First, let's determine the concentration of the acid and the conjugate base in the buffer solution.
Given:
pKa (HF) = 3.15
pH = 3.50
[HF] = 0.075 M
To find [A-], we can use the relationship:
[A-] = [HF] * (10^(pH - pKa))
[A-] = 0.075 M * (10^(3.50 - 3.15))
[A-] = 0.075 M * (10^0.35)
[A-] = 0.075 M * 2.2387211
[A-] = 0.1679048 M
Now, since a buffer solution requires an equal concentration of the conjugate base and the acid, the concentration of [HA] is also 0.1679048 M.

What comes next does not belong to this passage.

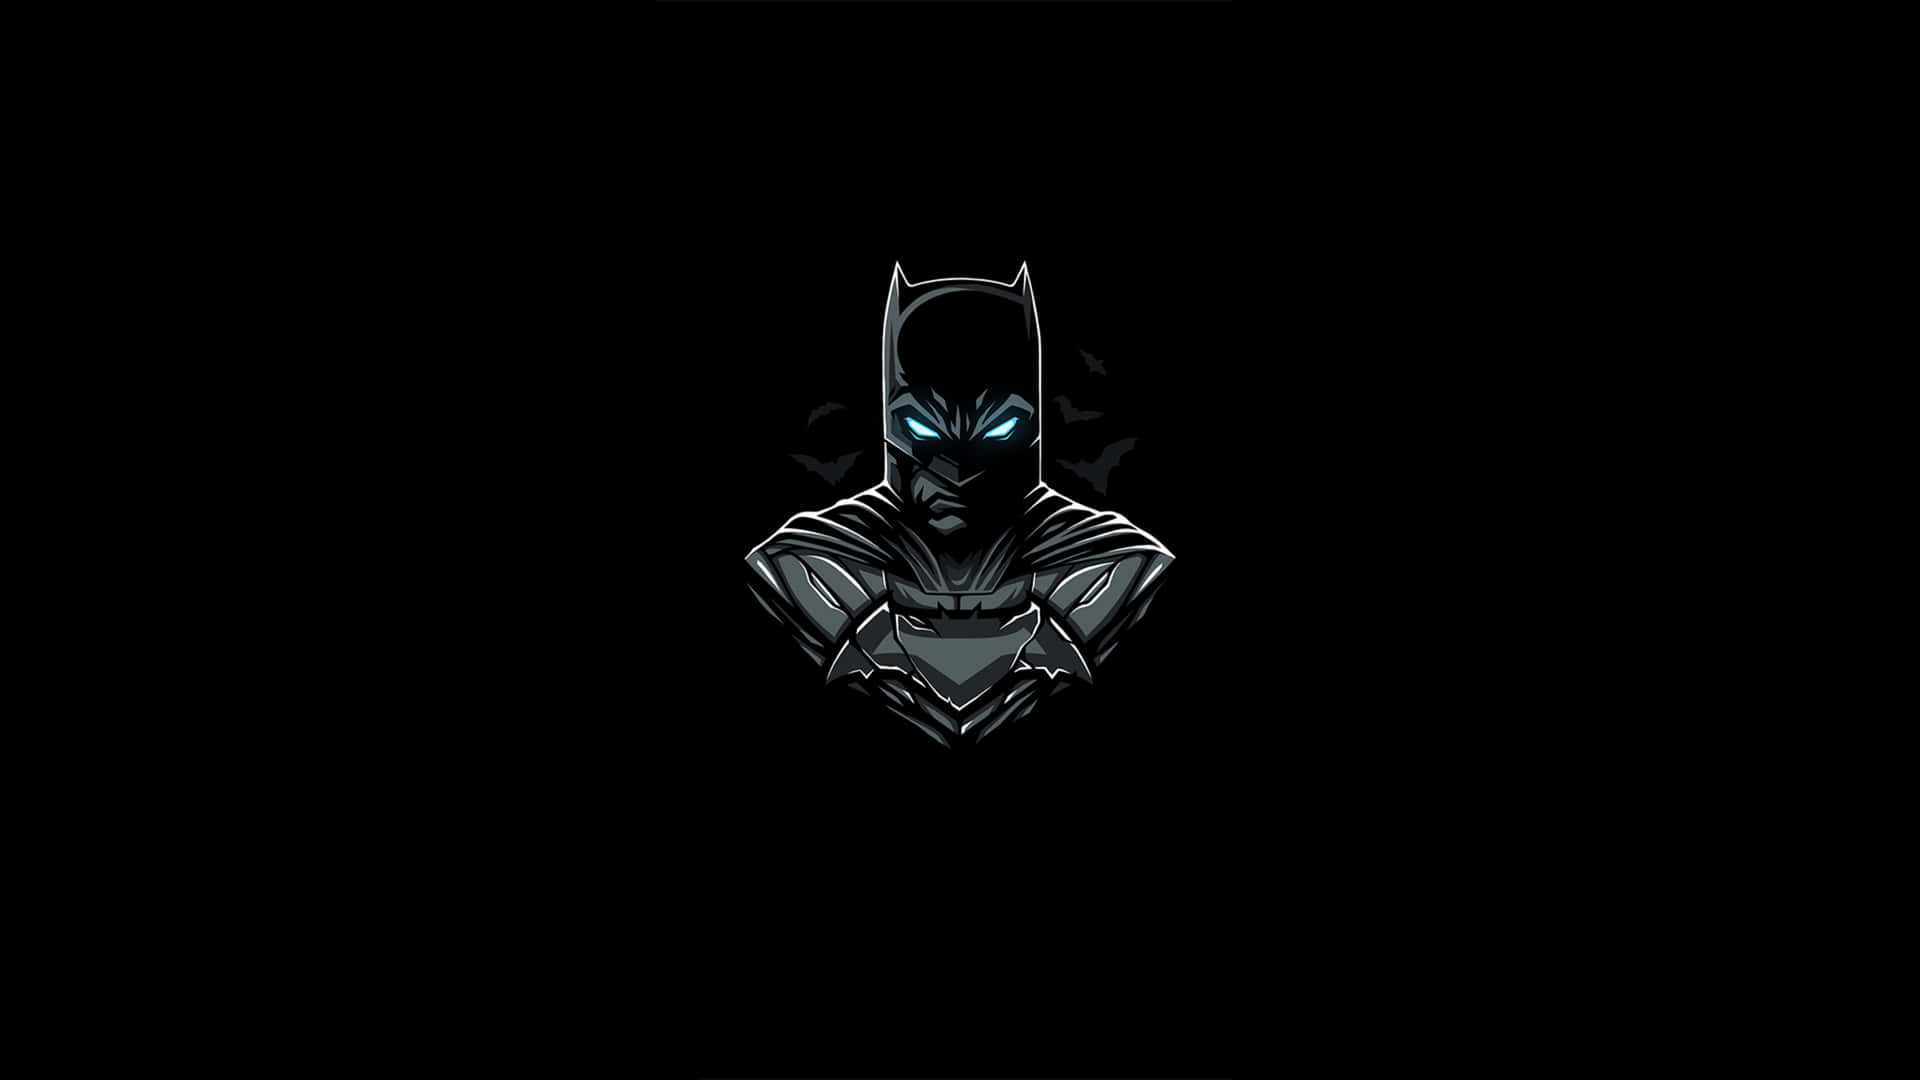 Batman1440p Amoled Hintergrund.

To calculate the volume of 0.300 M NaOH needed, we can use the equation:
(0.1679048 M)(V) = (0.300 M)(V + 250 mL)
Simplifying:
0.1679048V = 0.3(V + 0.25)
0.1679048V = 0.3V + 0.075
0.3V - 0.1679048V = 0.075
0.1320952V ≈ 0.075
V ≈ 0.075 / 0.1320952
V ≈ 0.568 mL
Therefore, approximately 0.568 mL of 0.300 M NaOH is needed to prepare a pH=3.50 buffer with 250 mL of 0.075 M HF solution.